On Oct 29, 2011, at 1:34 PM, Yoav Nir wrote:

> So the administrator of this administrative domain may not need to
> configure a lot of tunnels, but he or she still needs to configure all of
> the encryption domain of all the spokes on the introduces, but at least
> that's only one place.
> 
> What is a "crypto contract"?

I think a better term is "tunnel crypto policy". It's not a contract at all: 
the "contract" part comes when SpokeA and SpokeB complete the handshake.

> Also, my company calls the addresses protected by a particular IPsec node
> an "encryption domain". Can we use this term, or is it too vendor-specific?

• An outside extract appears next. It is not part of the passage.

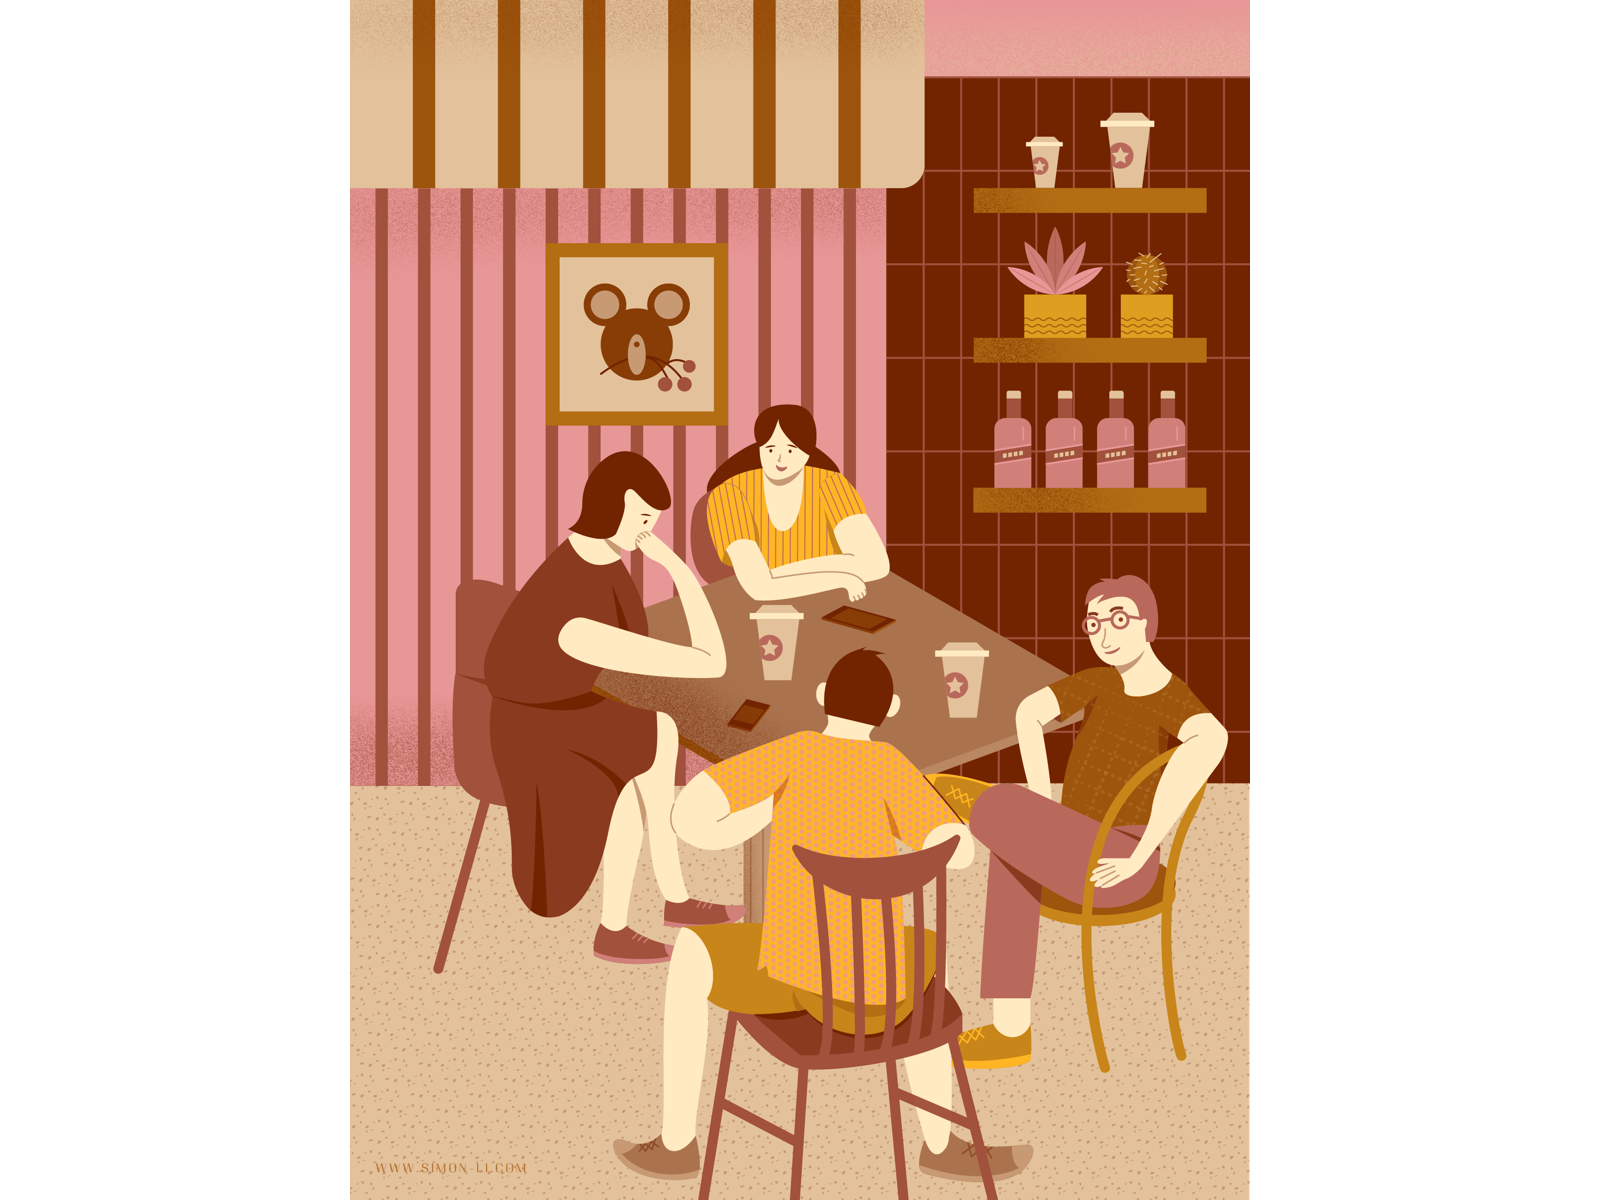 Coffee Shop by Simon Li on Dribbble

Regardless if that is vendor specific, it is not accurate. Part of the tunnel 
crypto policy is the authentication policy, which has nothing to do with 
encryption. Further, part of the tunnel crypto policy is the addresses that 
will be in the tunnel. I assume if SpokeA says to HubX "I want to open a tunnel 
to 5.6.7.0/24", and the only address policy that SpokeA has that matches that 
is for 5.0.0.0/8 with the gateway at 5.1.2.3, that HubX would respond with that 
as a possibility that SpokeA might like. So there are two types of policy: 
tunnel (address), and crypto (authentication and eventual encryption).

At least, that was my picture of the requirements.